04:56That is to say, when you take a portion of cassoulet, sausage and meat.
04:59You have to take a maximum of 300 grams if you want to be careful.
05:02If you don't pay attention.
05:03Or if you don't have a problem with food control.
05:05Go ahead.
05:05400 grams and even 500 grams if you want.
05:07And there you have a product that is still relatively interesting.
05:10It is on this type of meal that we end up with melon.
05:13First there is the melon of the Charentes.
05:15And then the melon, don't forget.
05:16It is a product rich in vitamin A.
05:18So as we are in the Tour de France period and there is sun.
05:21It will improve your tanning.
05:22In the corner of Languedoc-Roussillon.
05:24We find a pie called the Pignon pie.
05:26We find it preferably in a city called Gruissant.

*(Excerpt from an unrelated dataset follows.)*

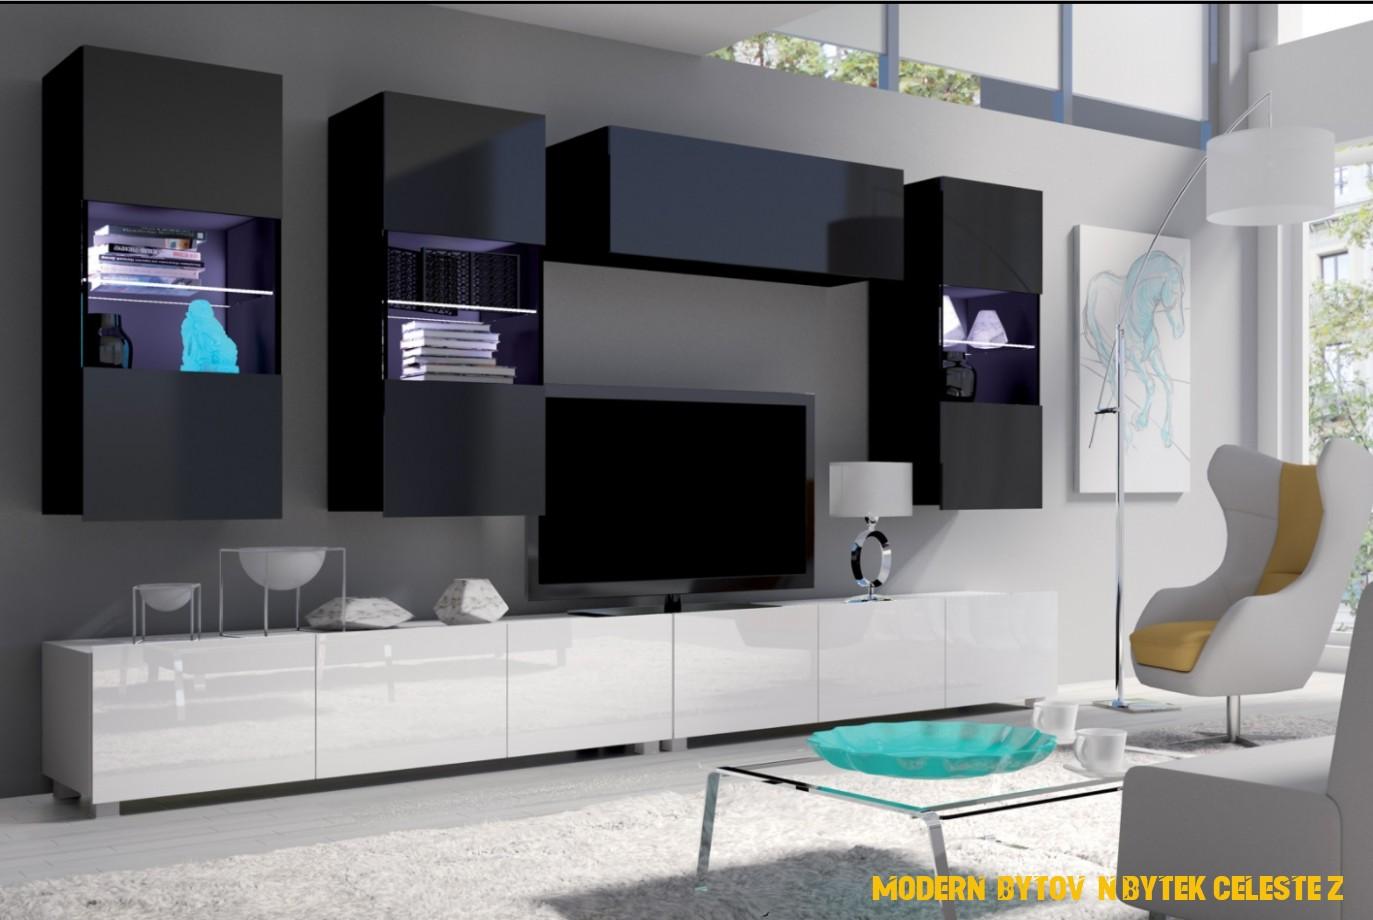 Moderní bytový nábytek Celeste P - inspirace a fotogalerie | dekoreo

05:30And over there, we make you a Pignon pie.
05:33Pâte feuilletée.
05:34Almond pastry cream.
05:36It's hot.
05:37Meringue, icing sugar and pine nuts.
05:39Well, it's not the dessert to lose weight.
05:41Frankly.
05:41But hey, I'll let you know.
05:43There it is an extremely rich product.
05:44From the moment you take the pâte feuilletée that is produced.
05:47It's a super buttery dough.
05:50That you add almond puree.
05:51Which is a super fat product.
05:53That you add pine nuts.
05:54Which are still also oleaginous.
05:56Considered as oleaginous.
05:58Which are fat.
05:59Even if you put the meringue.
06:00It's not enough.
06:01It's a very caloric product.
06:02It requires before.
06:04To have eaten a small fish cooked without fat.
06:07After I go into diet.
06:09Because I'm going to Provence.
06:10And in the Alpes-Côte d'Azur.
06:11And there I will find two very beautiful products.
06:13The bouillabaisse.
06:14The bouillabaisse is a fish broth.
06:16Which contains all the nutrients of the fish.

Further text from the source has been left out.